═══ INPUT DATA ═══

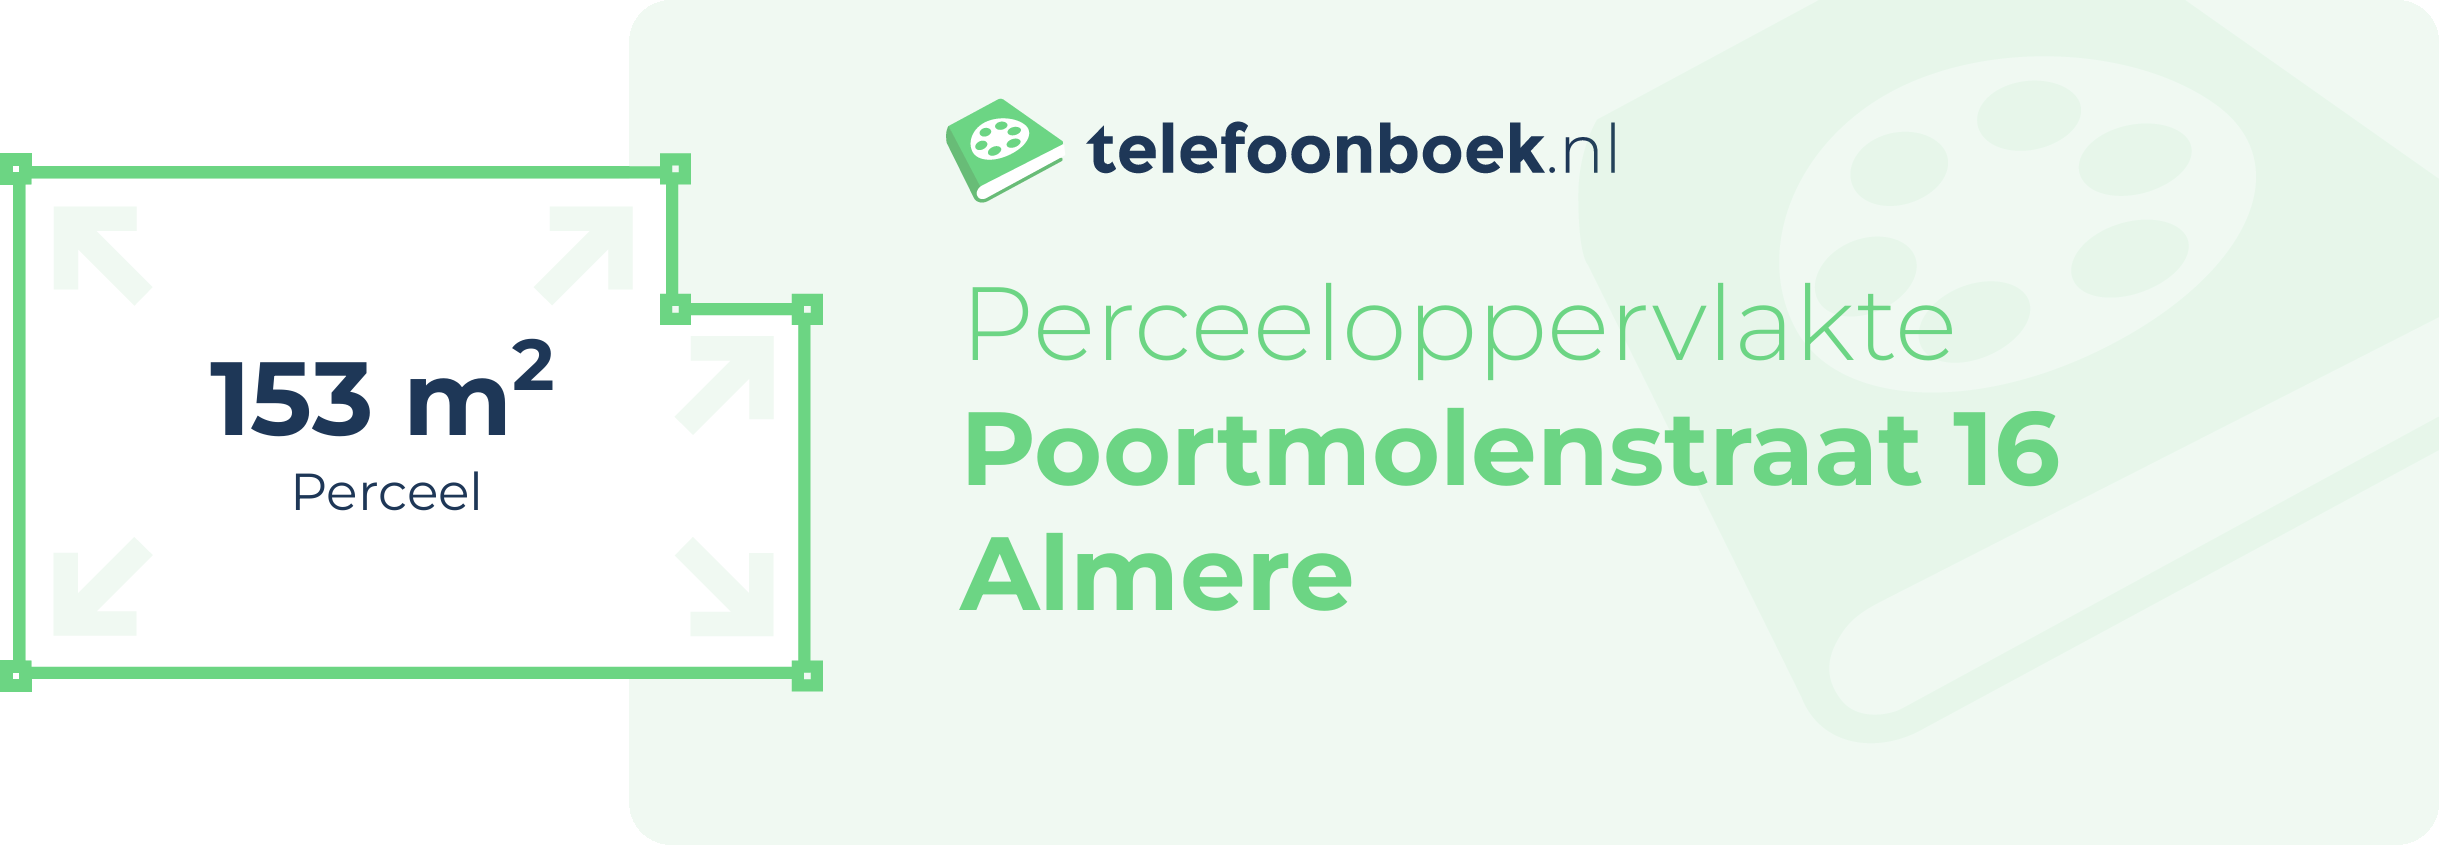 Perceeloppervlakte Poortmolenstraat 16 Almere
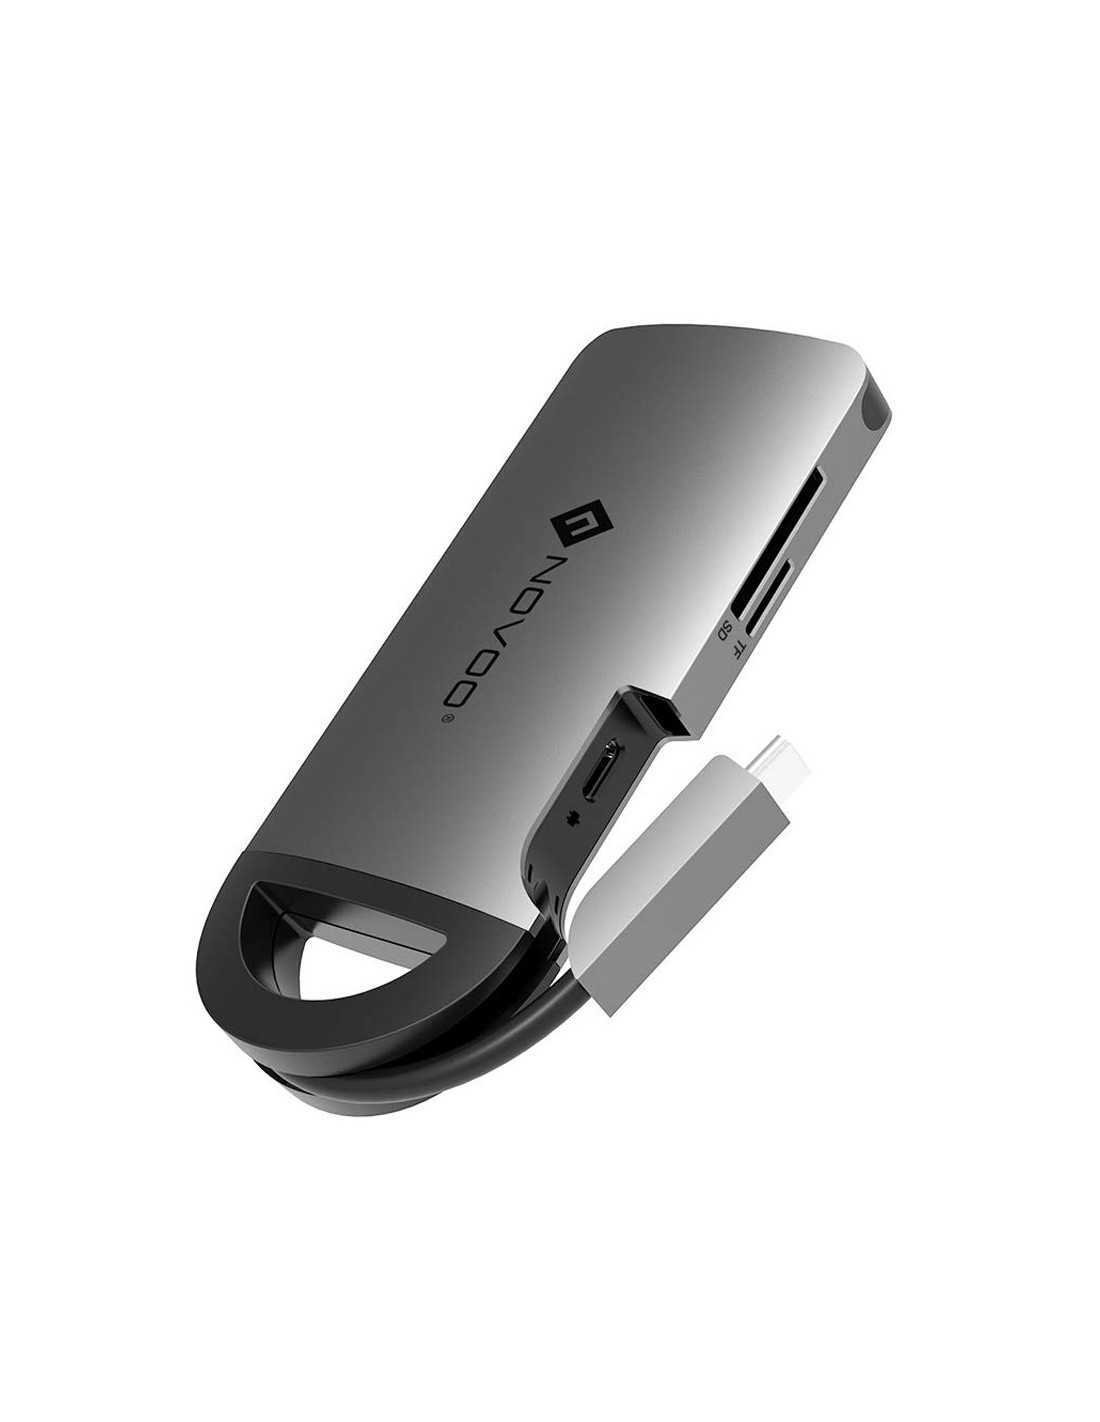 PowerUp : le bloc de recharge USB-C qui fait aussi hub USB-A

═══
═══ INPUT DATA ═══

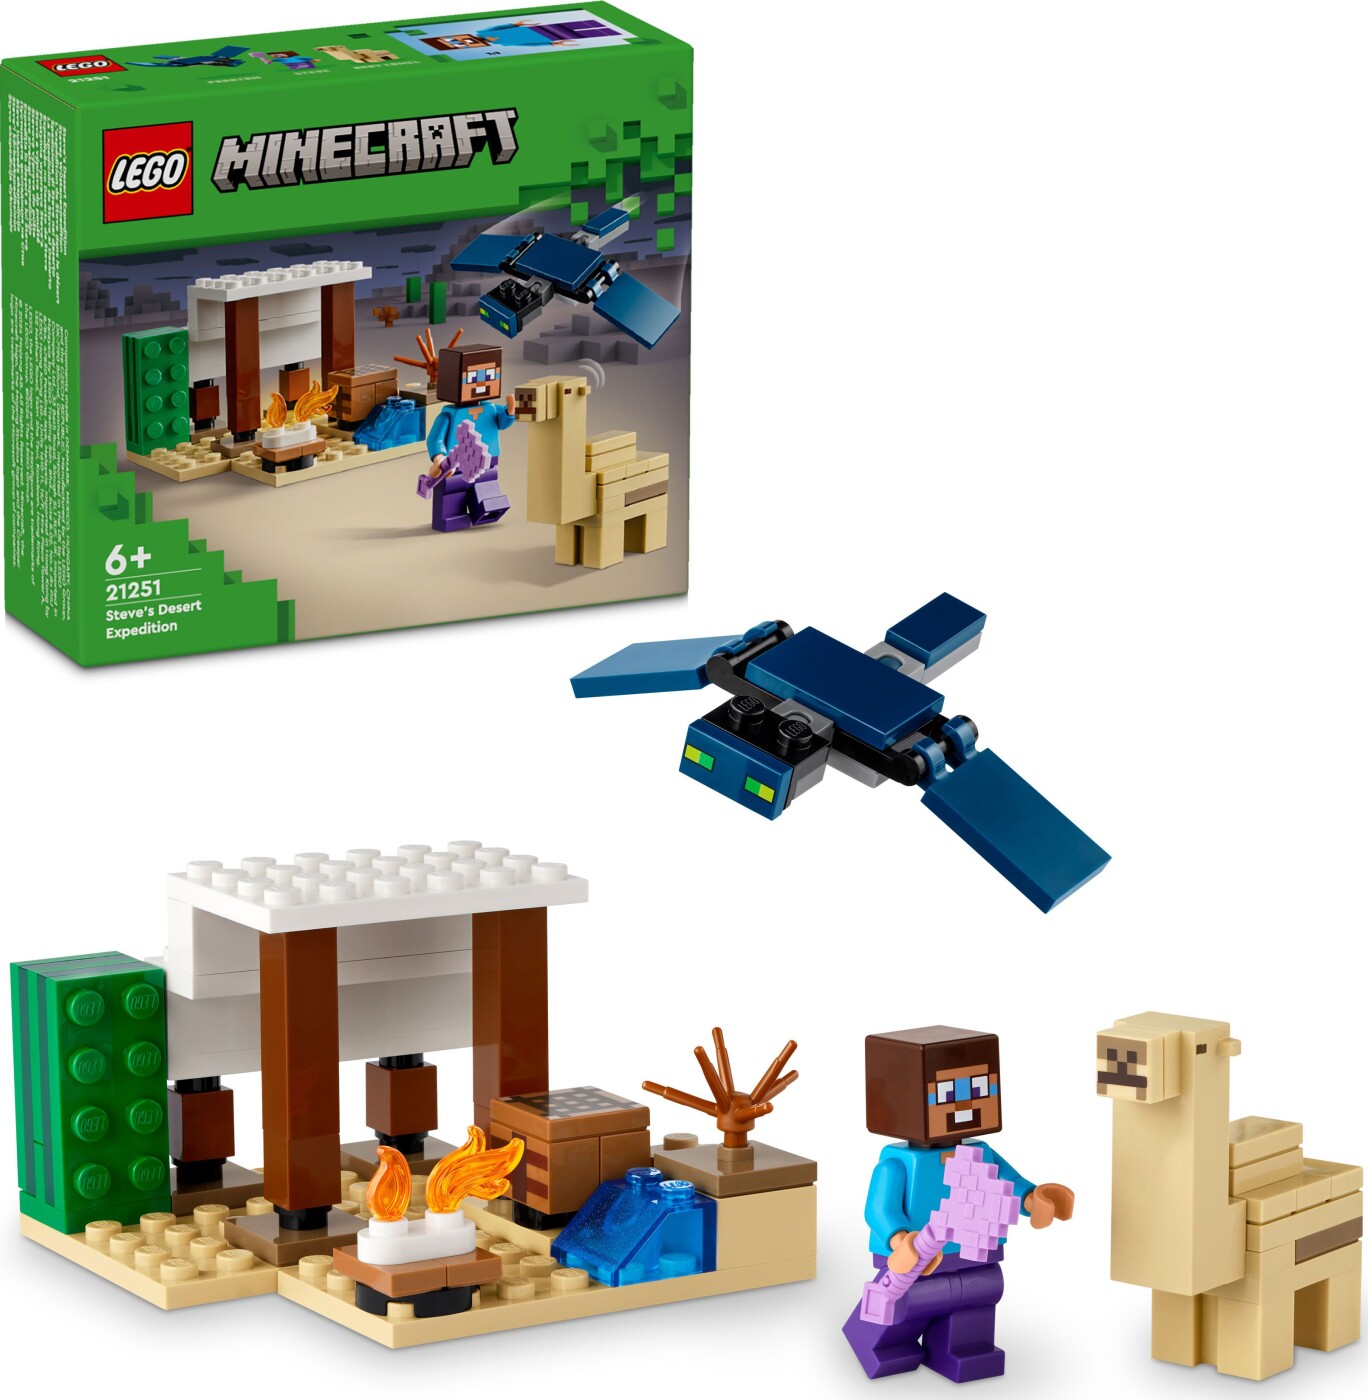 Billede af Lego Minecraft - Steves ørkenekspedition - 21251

═══
═══ INPUT DATA ═══

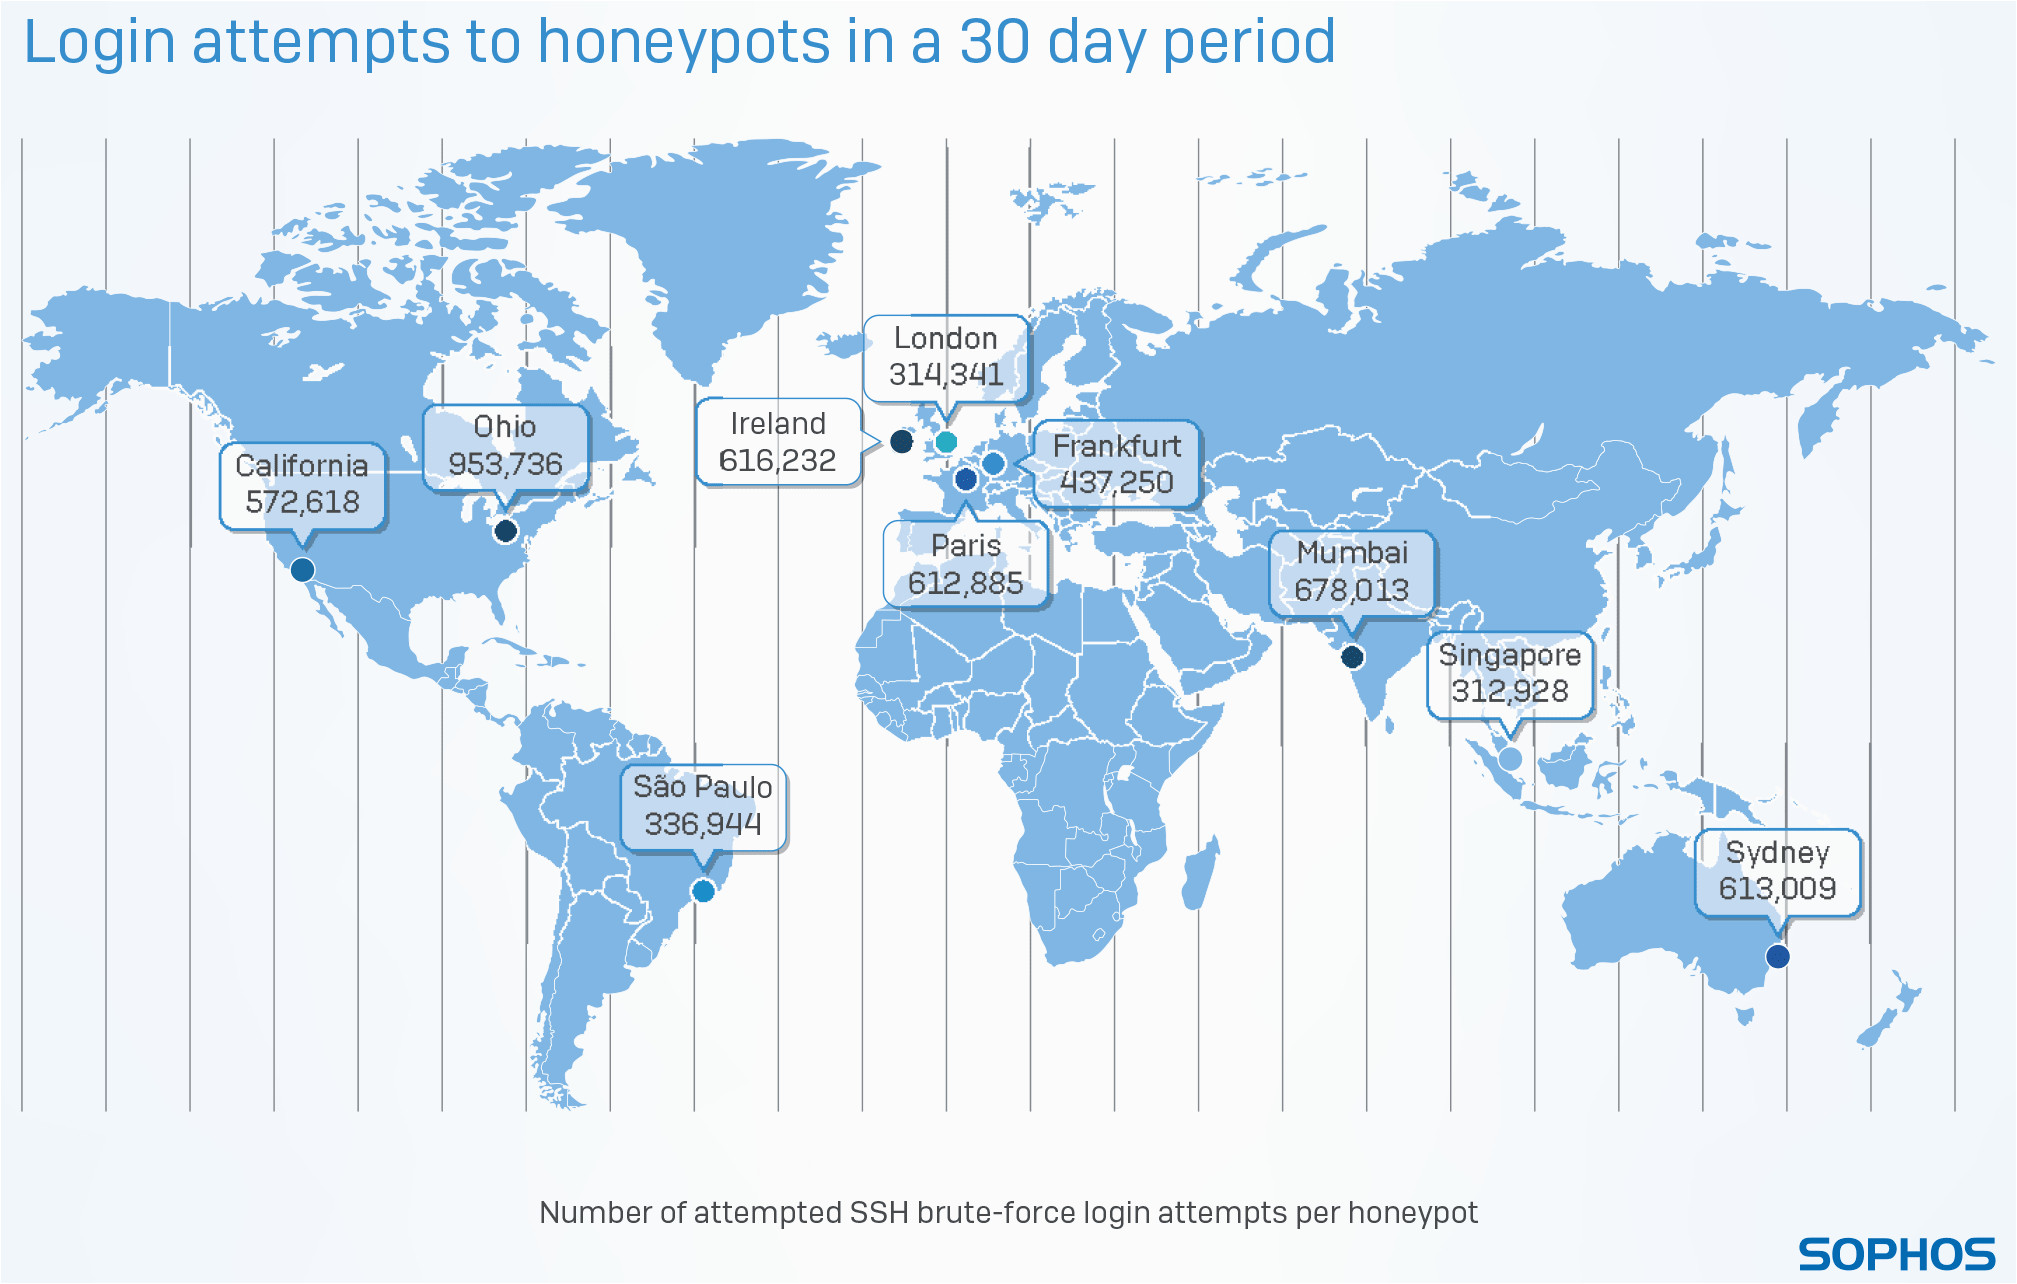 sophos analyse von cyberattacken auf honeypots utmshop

═══

_YOUR INSTRUCTIONS_
Return exactly the lines above, from the one with "Perceeloppervlakte Poortmolenstraat 16" up to and including the one with "PowerUp : le", and include no pictures.

_ANSWER SECTION_
 Perceeloppervlakte Poortmolenstraat 16 Almere
 PowerUp : le bloc de recharge USB-C qui fait aussi hub USB-A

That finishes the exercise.